Using the listing below, give again exactly the lines from the line with "nike-zoom-freak-1-coming-to-america-hat" to the line with "RR_7061] Generac Wiring", inclusive, without the pictures.
Given data Block Start
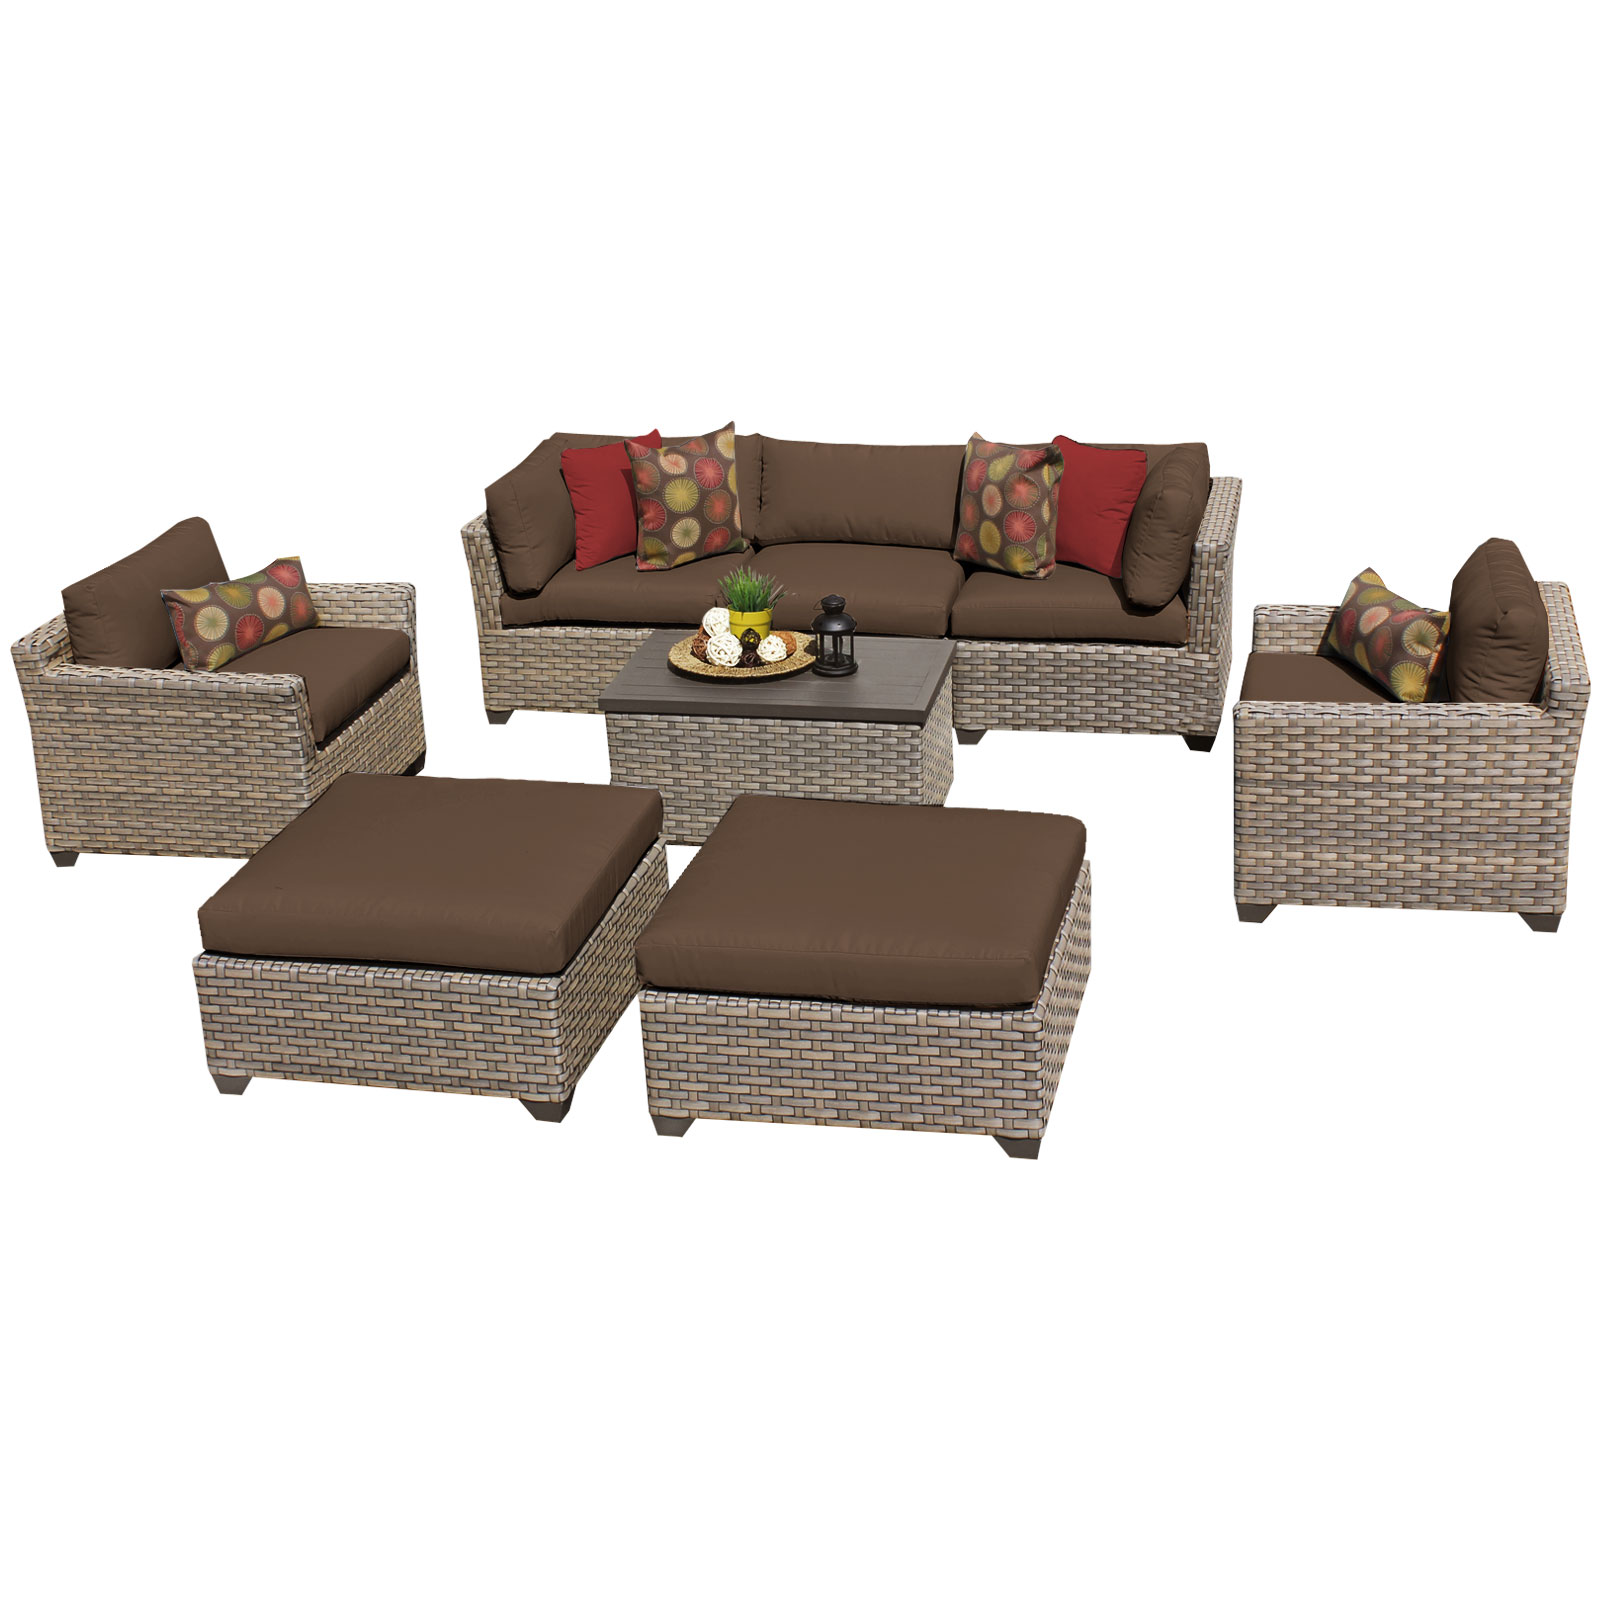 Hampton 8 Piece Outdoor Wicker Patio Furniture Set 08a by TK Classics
Given data Block End
Given data Block Start
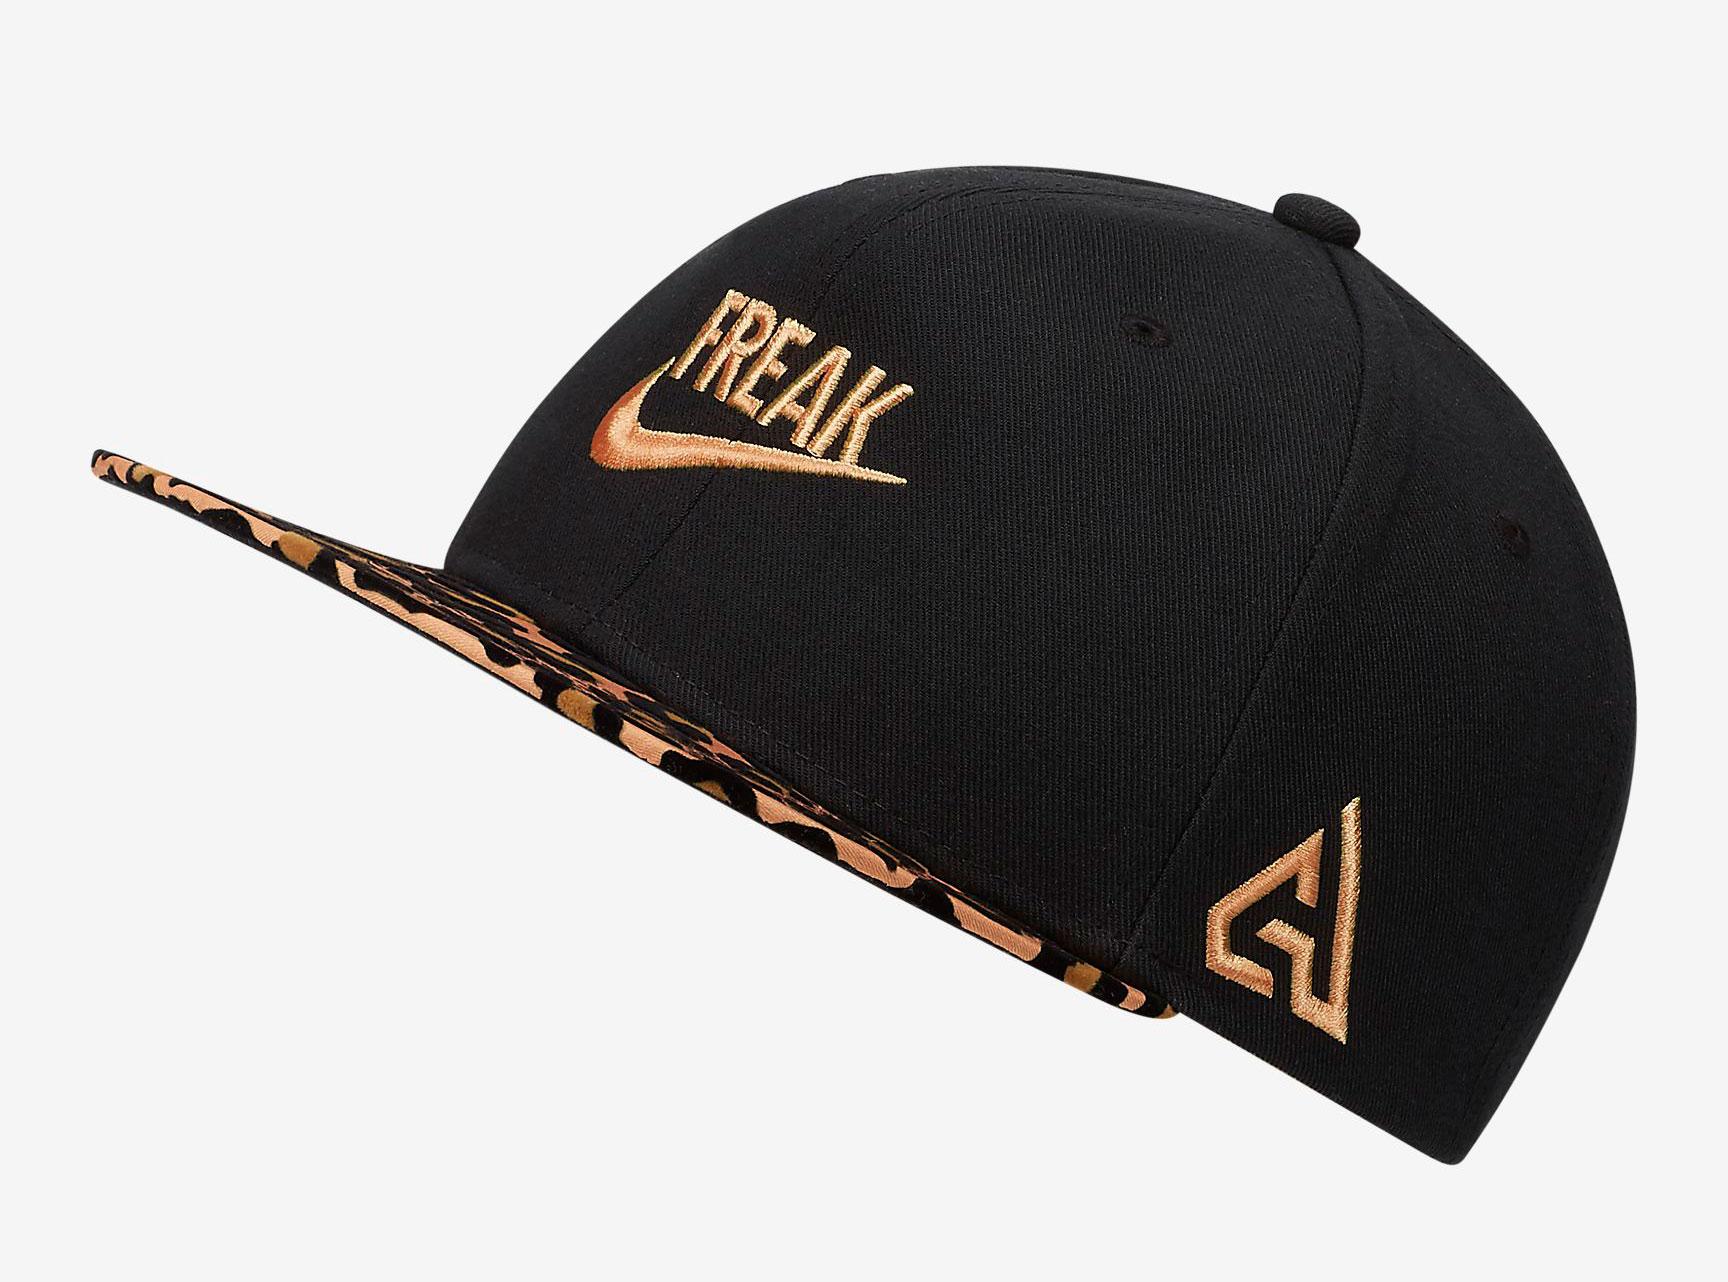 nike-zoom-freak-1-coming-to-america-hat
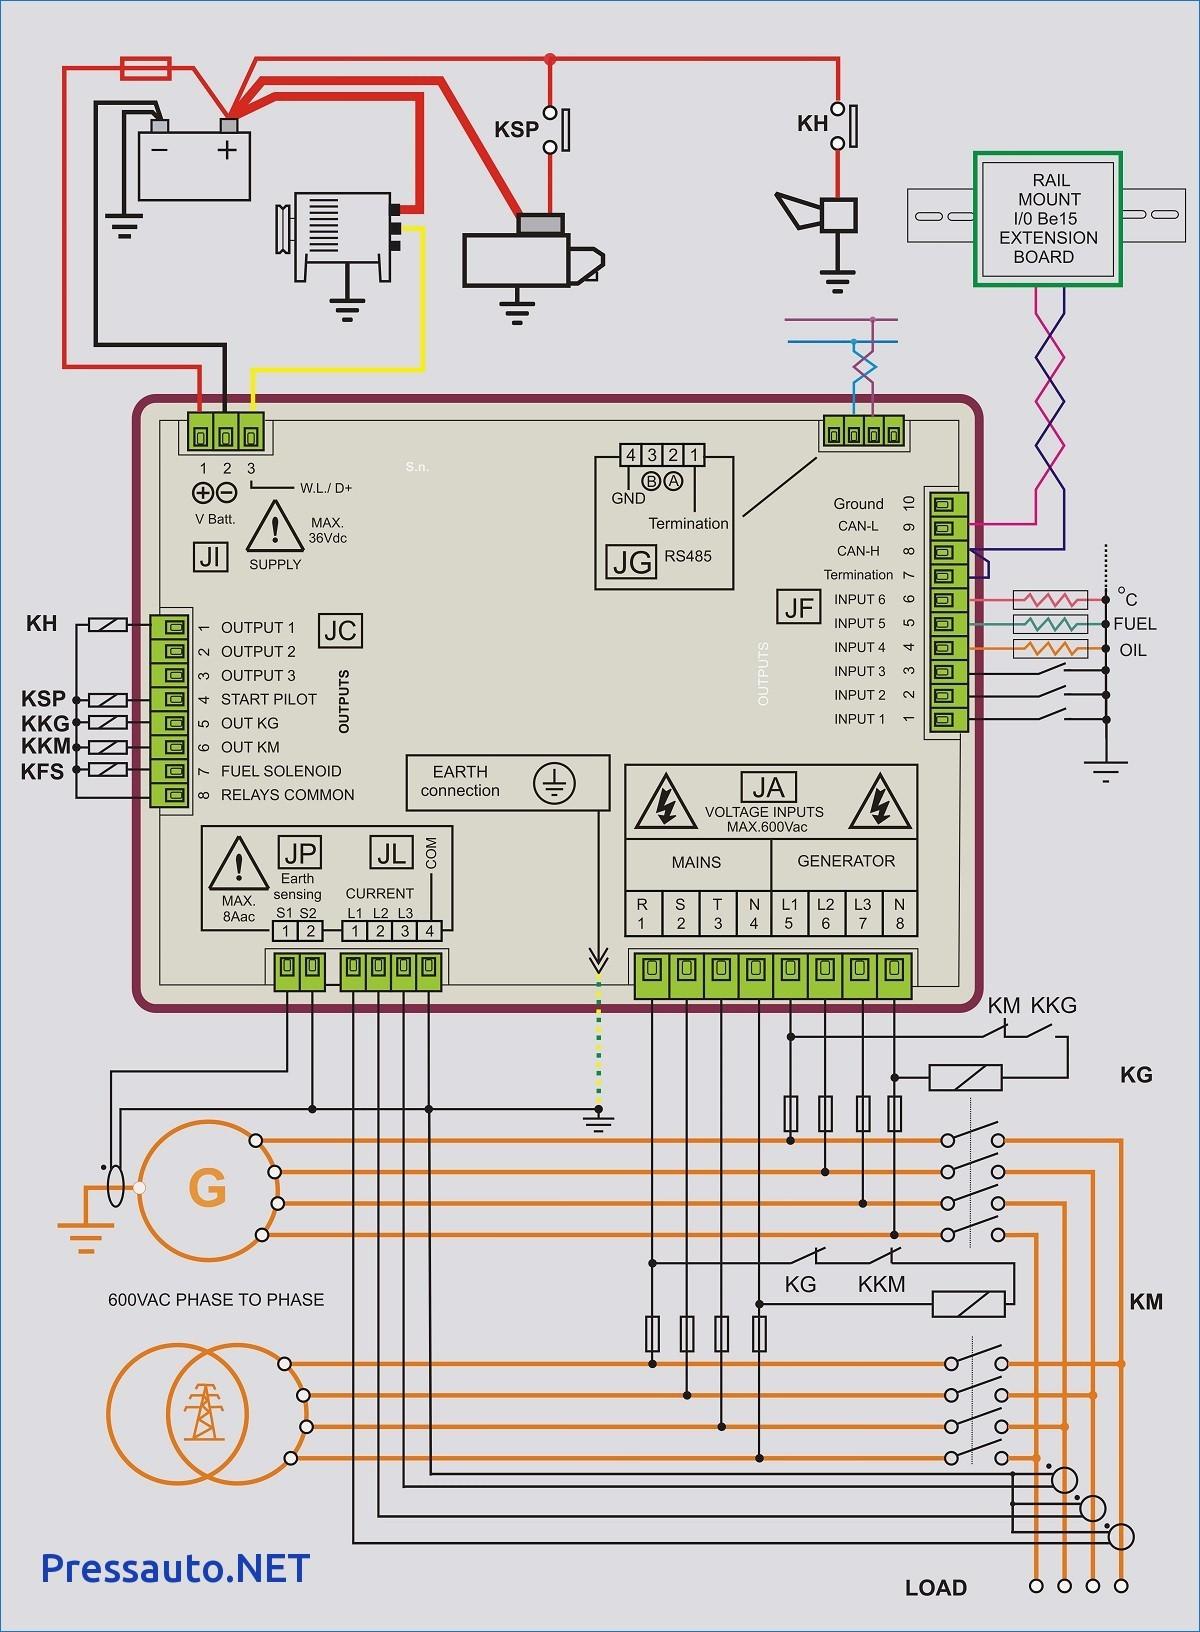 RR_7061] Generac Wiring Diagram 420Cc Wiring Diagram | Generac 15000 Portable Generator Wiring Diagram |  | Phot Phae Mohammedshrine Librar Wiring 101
Given data Block End
Given data Block Start
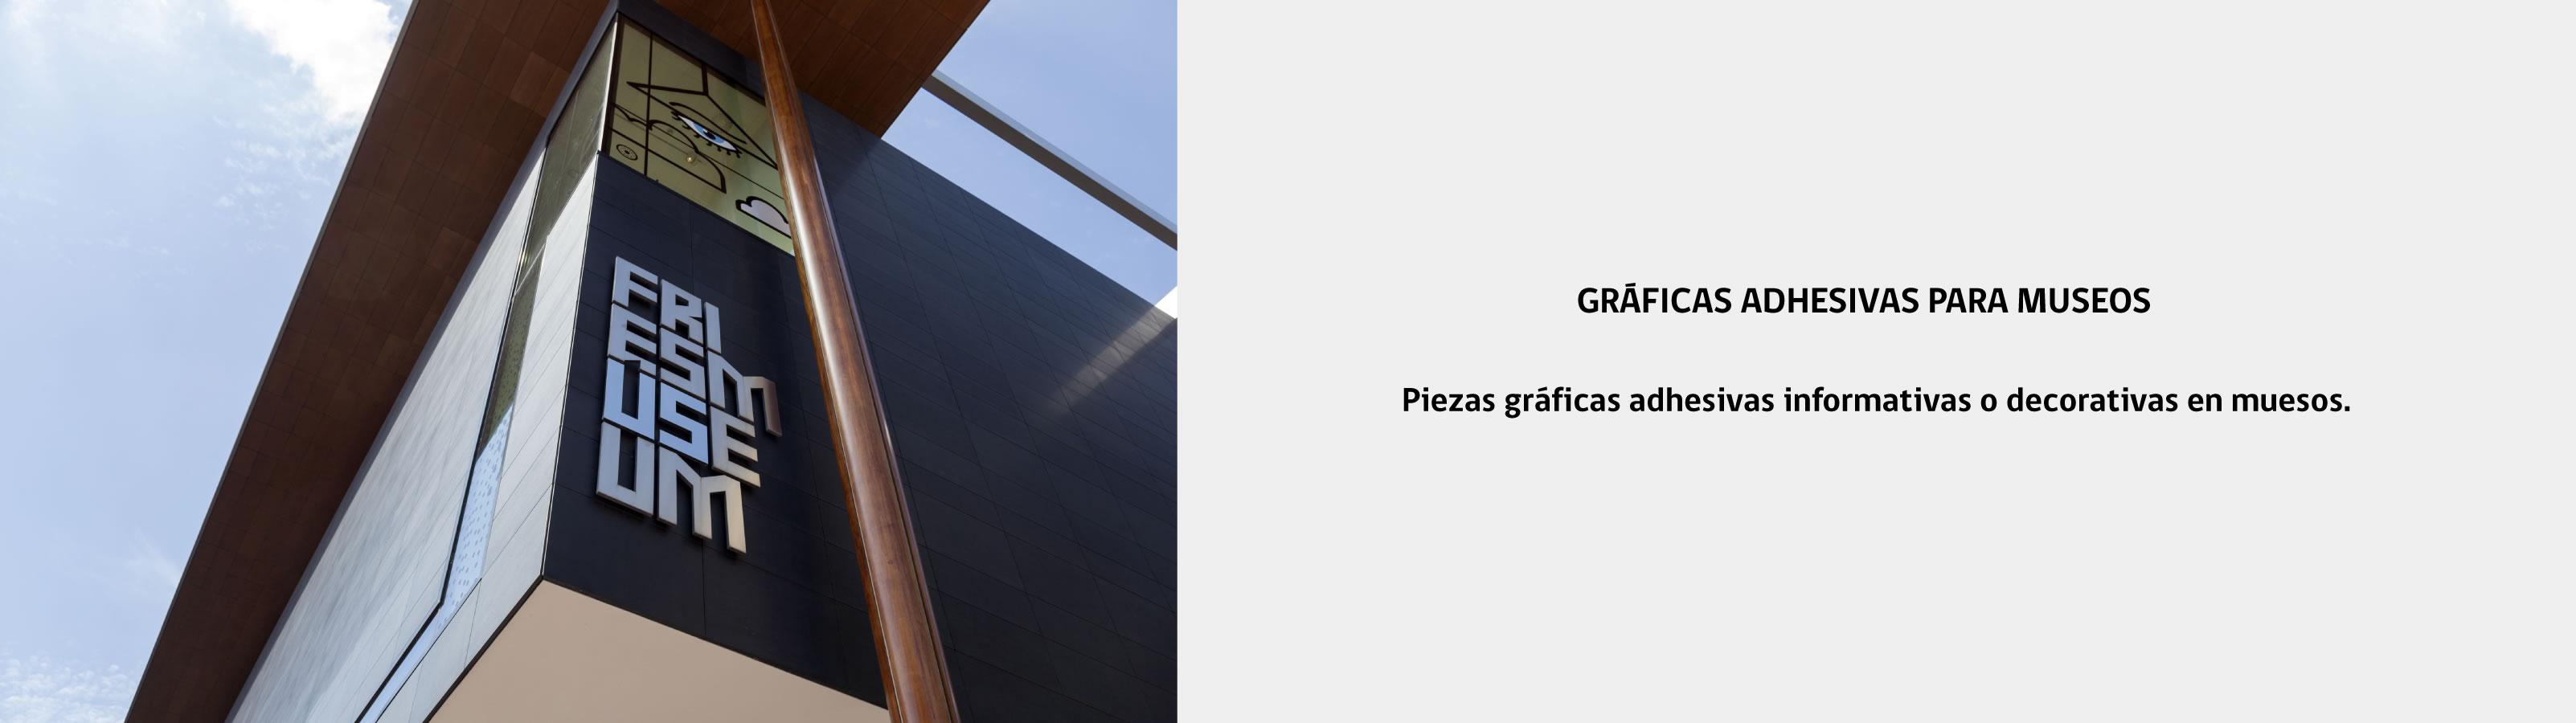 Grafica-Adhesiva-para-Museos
Given data Block End
● Response area
 nike-zoom-freak-1-coming-to-america-hat
 RR_7061] Generac Wiring Diagram 420Cc Wiring Diagram | Generac 15000 Portable Generator Wiring Diagram |  | Phot Phae Mohammedshrine Librar Wiring 101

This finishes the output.